Mon père, à l'époque, était un athlète gigantesque et bronzé qui me faisait fendre les flots sur son dos ; en tant que maître-nageur, il avait la toute-puissance sur les clés de la piscine, et mes soeurs et moi restions des heures à jouer dans l'eau, à sauter, à plonger... Même le soir, quand tout le monde devait quitter les lieux, nous avions le privilège de rester jusqu'à la nuit.

Il y avait aussi la rivière, le Verdouble dont Nougaro parle dans une de ses chansons : là aussi, j'ai été plongeur, explorateur, navigateur, homme-poisson, marin perdu dans la tempête... L'expression "comme un poisson dans l'eau" est stupide : j'étais bien mieux que ça.
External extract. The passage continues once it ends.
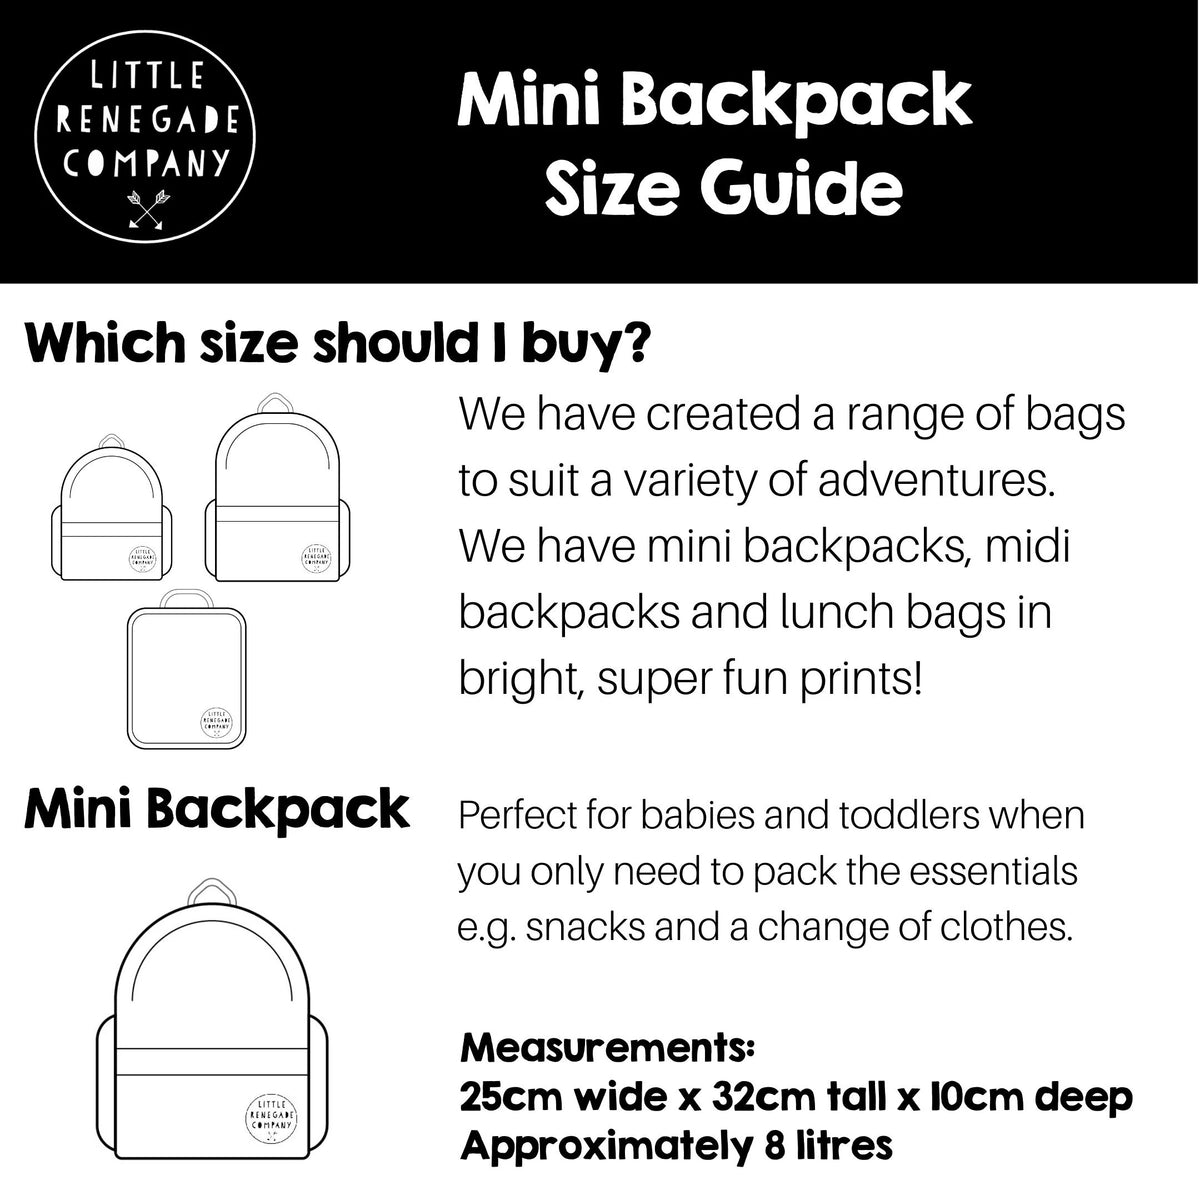 Little Renegade Company - Wild Backpack | MINI

Puis un jour, j'ai fait de la Natation. La natation, c'est comme quand on nage, sauf qu'il n'y a aucun plaisir : il y avait des lignes, il était interdit de pisser dans l'eau et mon crawl d'indien était améliorable.

Améliorable ?

Je m'en suis remis, j'ai fait comme on me disait de faire ; effectivement, je peux aller plus vite et plus longtemps, et j'apprécie même de temps à autres d'aller faire quelques longueurs - sauf que je m'ennuie beaucoup dans ma tête (comme dans l'expression "tête pleine d'eau"...) J'ai également appris à gérer les interdictions hygiénistes. Mais le plaisir ? Mettons, pour faire simple, qu'il est différent. Que c'est une bonne chose de connaître les deux - même s'il m'a fallu beaucoup de temps pour retrouver le premier.

Là où je m'en veux, quand même, c'est qu'au moment où je pourrais apprendre quelque chose à quelqu'un, je suis incapable de le mettre en situation, de lui montrer la voie par laquelle il peut comprendre que c'est d'abord un plaisir... au lieu de ça, je transforme mon fils et tous ses copains en enragés de la compète et de la performance. Et je manque faire se noyer Anton.

Tant pis.

Je ferai mieux la prochaine fois.

Et je saurai lui dire, à mon Anton,
Prince, tu seras toujours mon premier à moi...




Ce post était sponsorisé par l'APPPT, l'association des papas profs qui se prennent la tête.